En la política de seguridad de Occidente hay una peligrosa disyunción entre el pensamiento dominante sobre la seguridad, que está basado en las 'viejas guerras', y la realidad sobre el terreno. La llamada revolución de los asuntos militares, el desarrollo de armamento de alta tecnología para hacer la guerra a distancia y las propuestas para una defensa nacional antimisiles estaban todas basadas en supuestos trasnochados acerca de la naturaleza de la guerra, la idea de que es posible proteger el territorio frente a los ataques de otros Estados. El lenguaje del presidente Bush, con su énfasis en la defensa de Estados Unidos y en la división del mundo entre 'los que están con nosotros y los que están contra nosotros', tiende a reproducir la ilusión, extraída de la experiencia de la II Guerra Mundial, de que ésta es una guerra entre Estados 'buenos' dirigidos por Estados Unidos y Estados 'malos' que acogen a terroristas. Un planteamiento así es muy peligroso. Hoy día, la victoria militar es muy difícil, si no imposible, porque las ventajas de una tecnología supuestamente superior se han ido reduciendo poco a poco. Como descubrieron los rusos en Afganistán y en Chechenia, los estadounidenses en Vietnam y los israelíes en el periodo actual, la conquista de territorio por medios militares se ha ido convirtiendo progresivamente en una forma obsoleta de hacer la guerra.

El riesgo de reaccionar ante el 11 de septiembre como si se tratase de una 'vieja guerra', de concentrar la acción militar sobre Estados como Afganistán o Pakistán, es el de ahondar más en el miedo y el odio, el de una 'guerra nueva' entre Occidente y el Islam, una guerra no entre Estados, sino dentro de cada comunidad, tanto en Occidente como en Oriente Próximo. Sin duda, los terroristas siempre tuvieron la esperanza de un ataque aéreo, que atraerá a más afiliados a su causa. Sin duda están esperando vivamente una división global entre los Estados que se pongan del lado de Estados Unidos y los que no lo hagan. Las redes islámicas fanáticas que probablemente fueron las responsables de los atentados tienen células en muchos lugares, entre ellos Gran Bretaña y Estados Unidos. El efecto de una reacción estilo 'vieja guerra' sería: la expansión de las redes de fanáticos, que podrían obtener acceso a armas horrendas, como, por ejemplo, gérmenes o incluso las armas nucleares paquistaníes; el aumento de los sentimientos racistas y xenófobos de todo tipo y el fomento del conflicto y la tensión en muchos lugares diferentes; el incremento de los poderes represivos justificados en nombre de la lucha contra el terrorismo. Los ganadores serán los empresarios de la violencia, los fanáticos islámicos, por un lado, y los que fabrican misiles de crucero y demás tecnología militar, por el otro. Los perdedores serán las personas corrientes de todas partes.

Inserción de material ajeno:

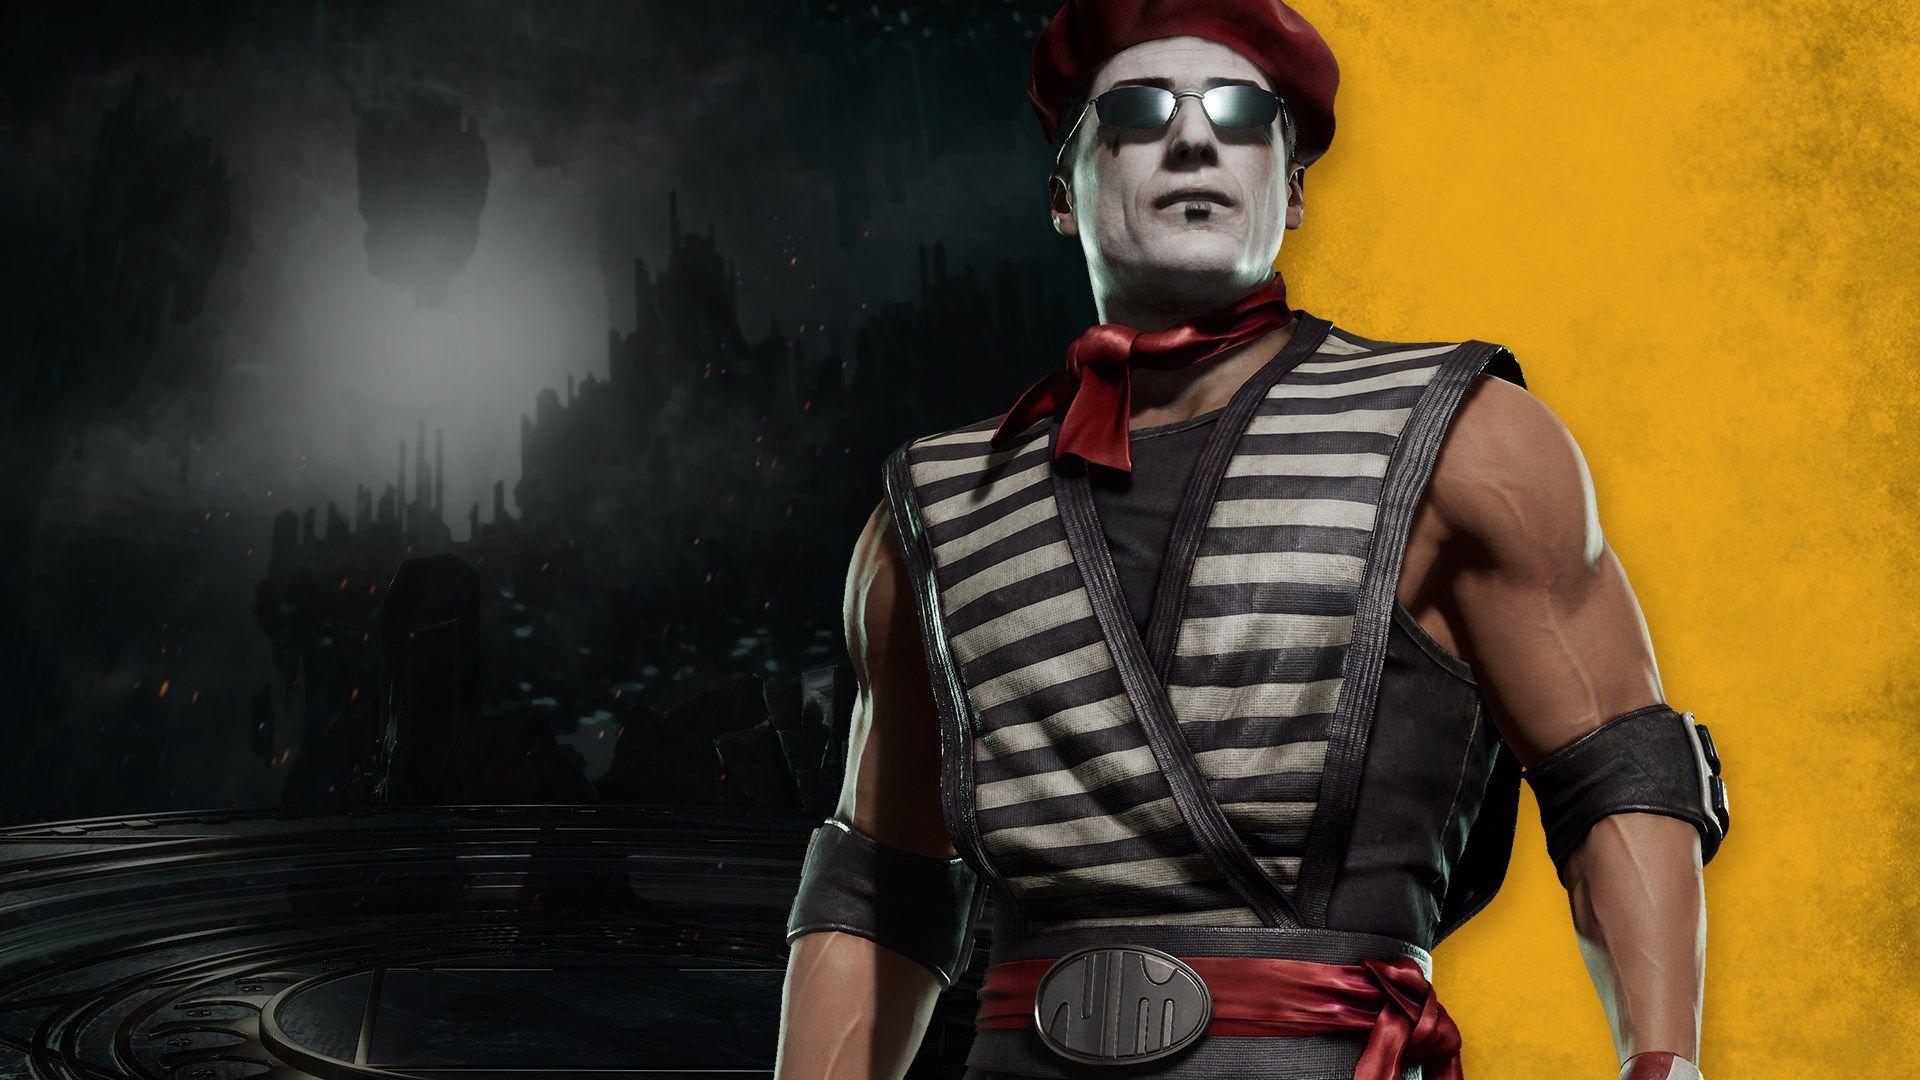 Mortal Kombat 11 Johnny Cage Wallpapers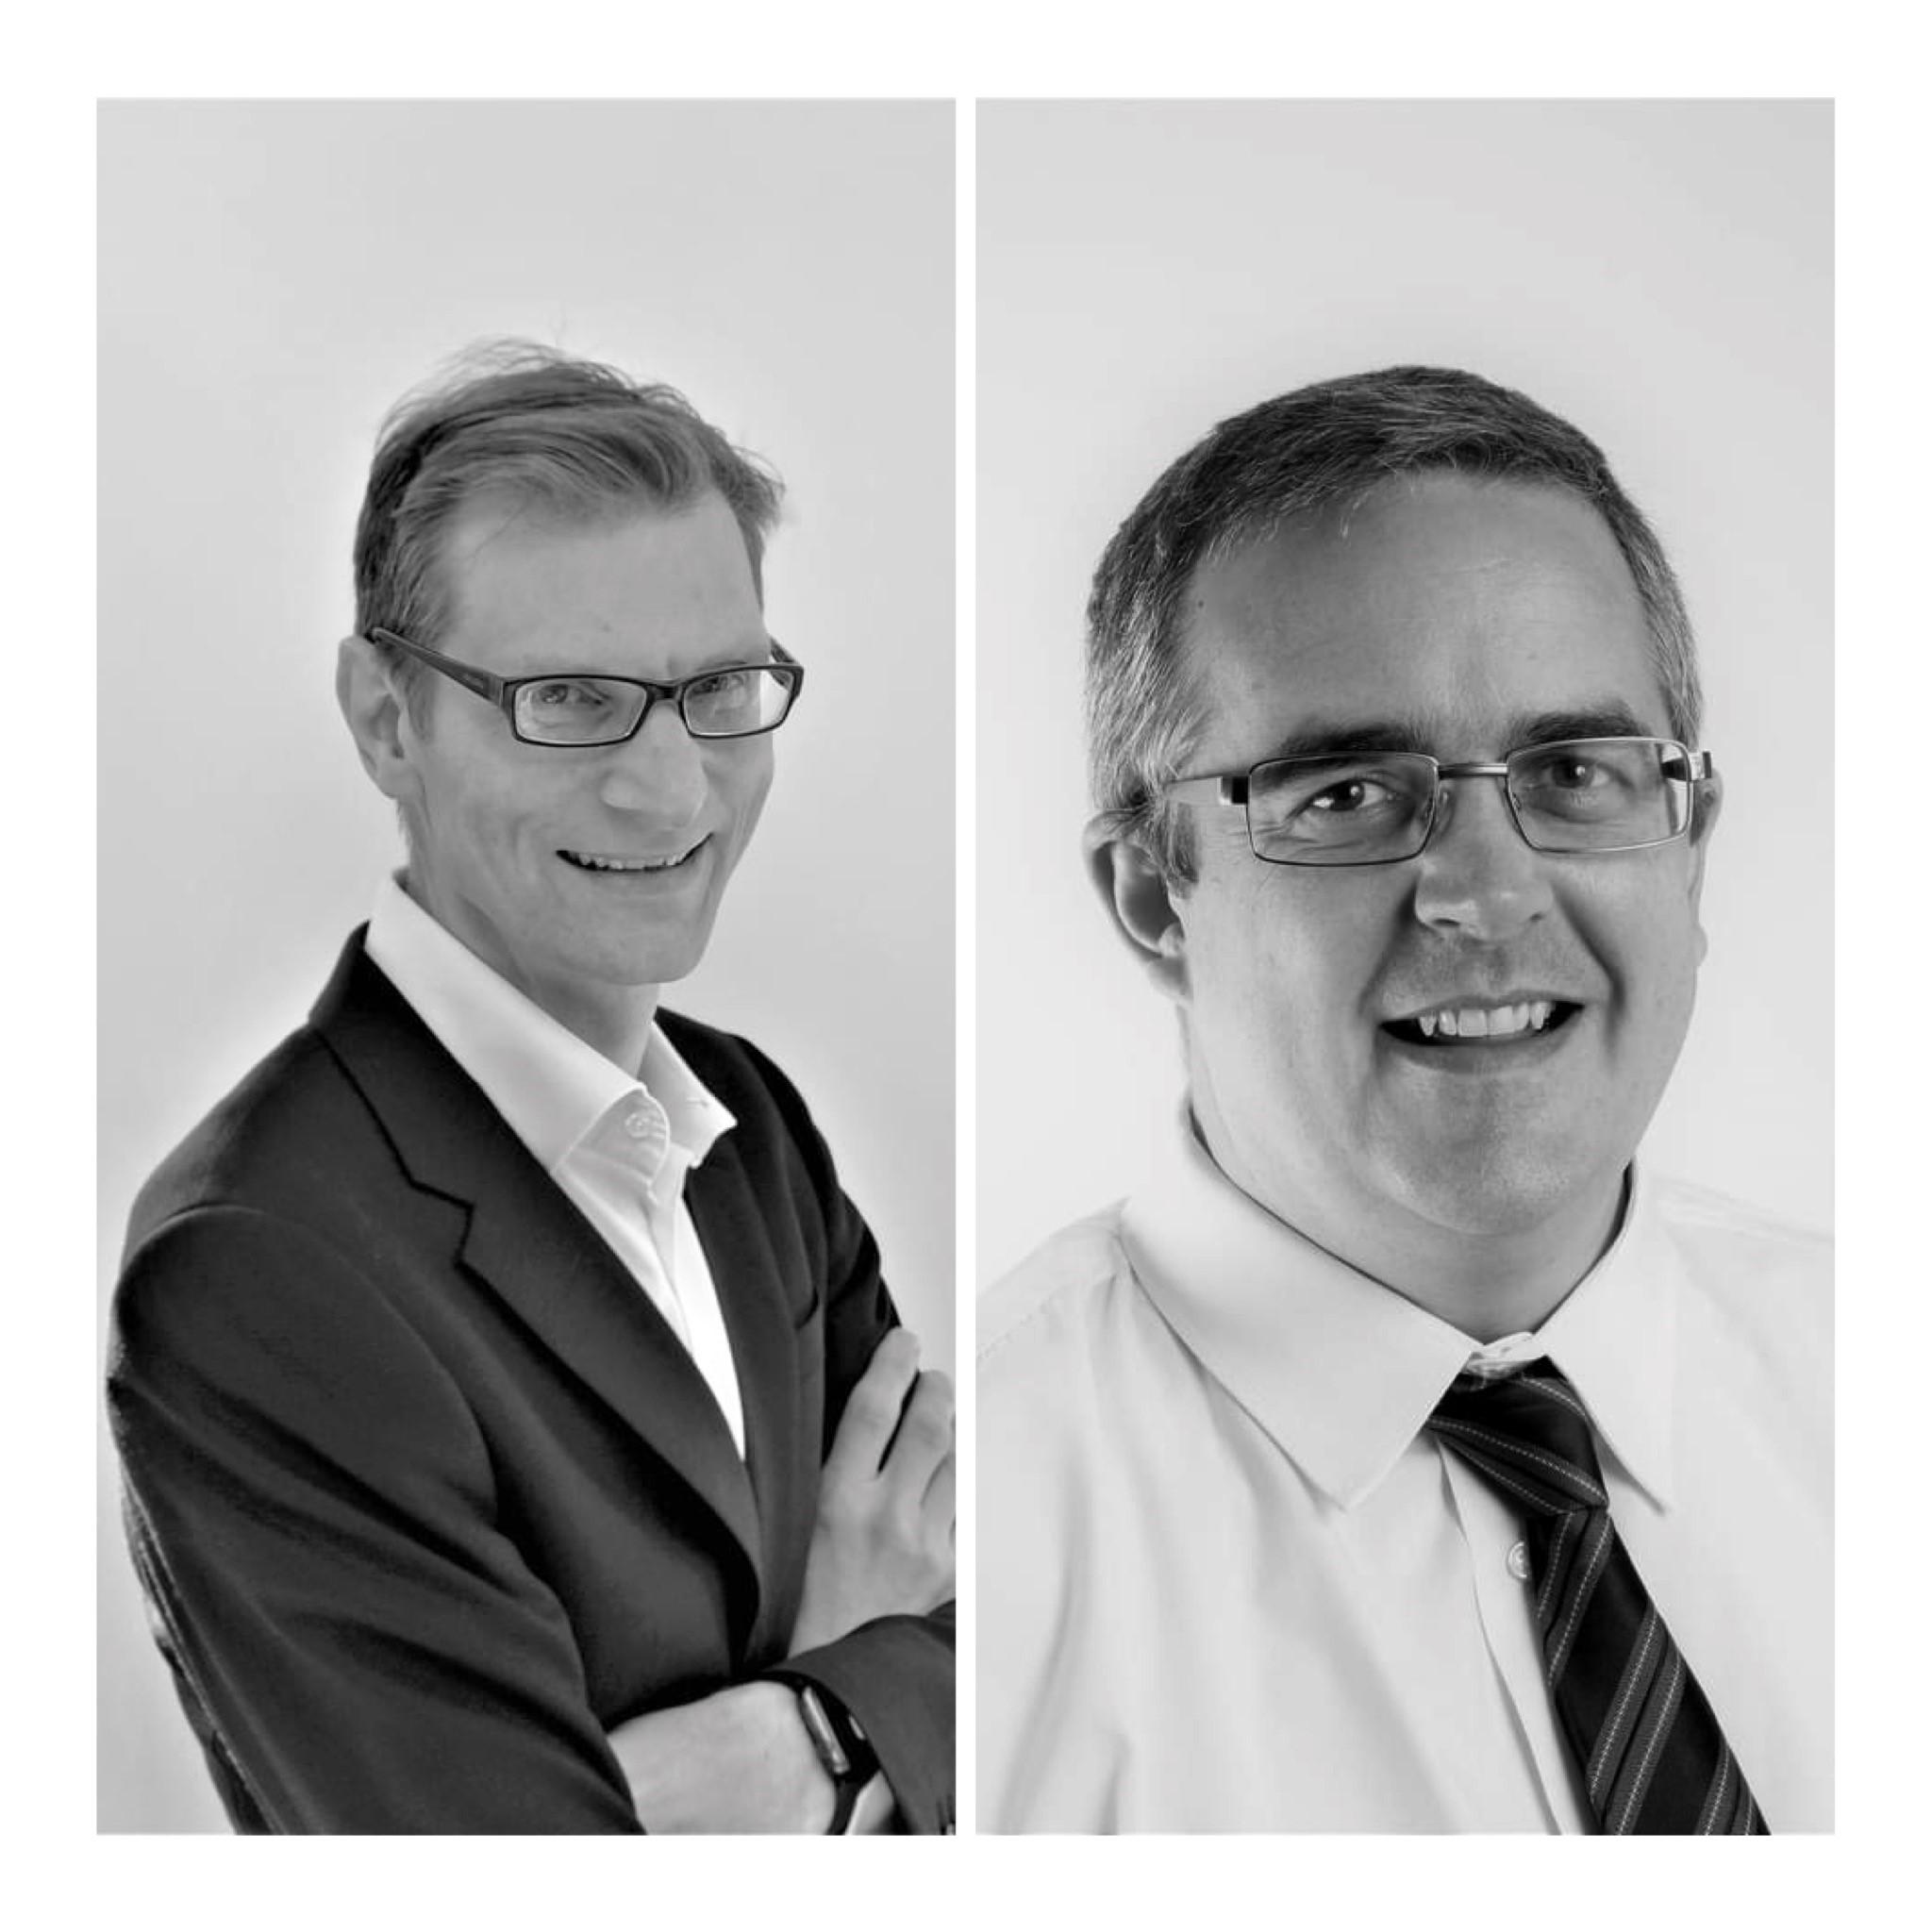 Brindley Twist Tafft & James Announces New Partners

El único planteamiento alternativo posible es uno que contrarreste la estrategia del odio y el miedo con otra para ganarse los corazones y las mentes. Lo que se necesita es un movimiento a favor de la justicia y legitimidad globales, no estadounidenses, cuyo objetivo sea establecer el sistema de derecho en lugar de la guerra y promover el entendimiento entre comunidades en lugar del terror. Un movimiento así podría hacer presión ante Gobiernos e instituciones internacionales para lograr tres cosas básicas:

1. Un compromiso con el sistema de derecho, no con la guerra. Los civiles de todos los credos y nacionalidades deben ser protegidos, dondequiera que vivan, y los terroristas deben ser capturados y llevados ante un tribunal internacional, que podría seguir el modelo de los tribunales de crímenes de guerra de Núremberg o de Yugoslavia. Los terroristas deben ser tratados como criminales, y no como adversarios militares. Esto no impide una acción militar sancionada a escala internacional, tanto para arrestar sospechosos como para desmantelar redes de terroristas. Pero una acción de este tipo debe ser entendida como una forma más enérgica de llevar a cabo tareas policiales y, por encima de todo, como un método para proteger a los civiles y apresar a los criminales. Más aún, este tipo de acción debe acatar escrupulosamente tanto las leyes de la guerra como las de los derechos humanos.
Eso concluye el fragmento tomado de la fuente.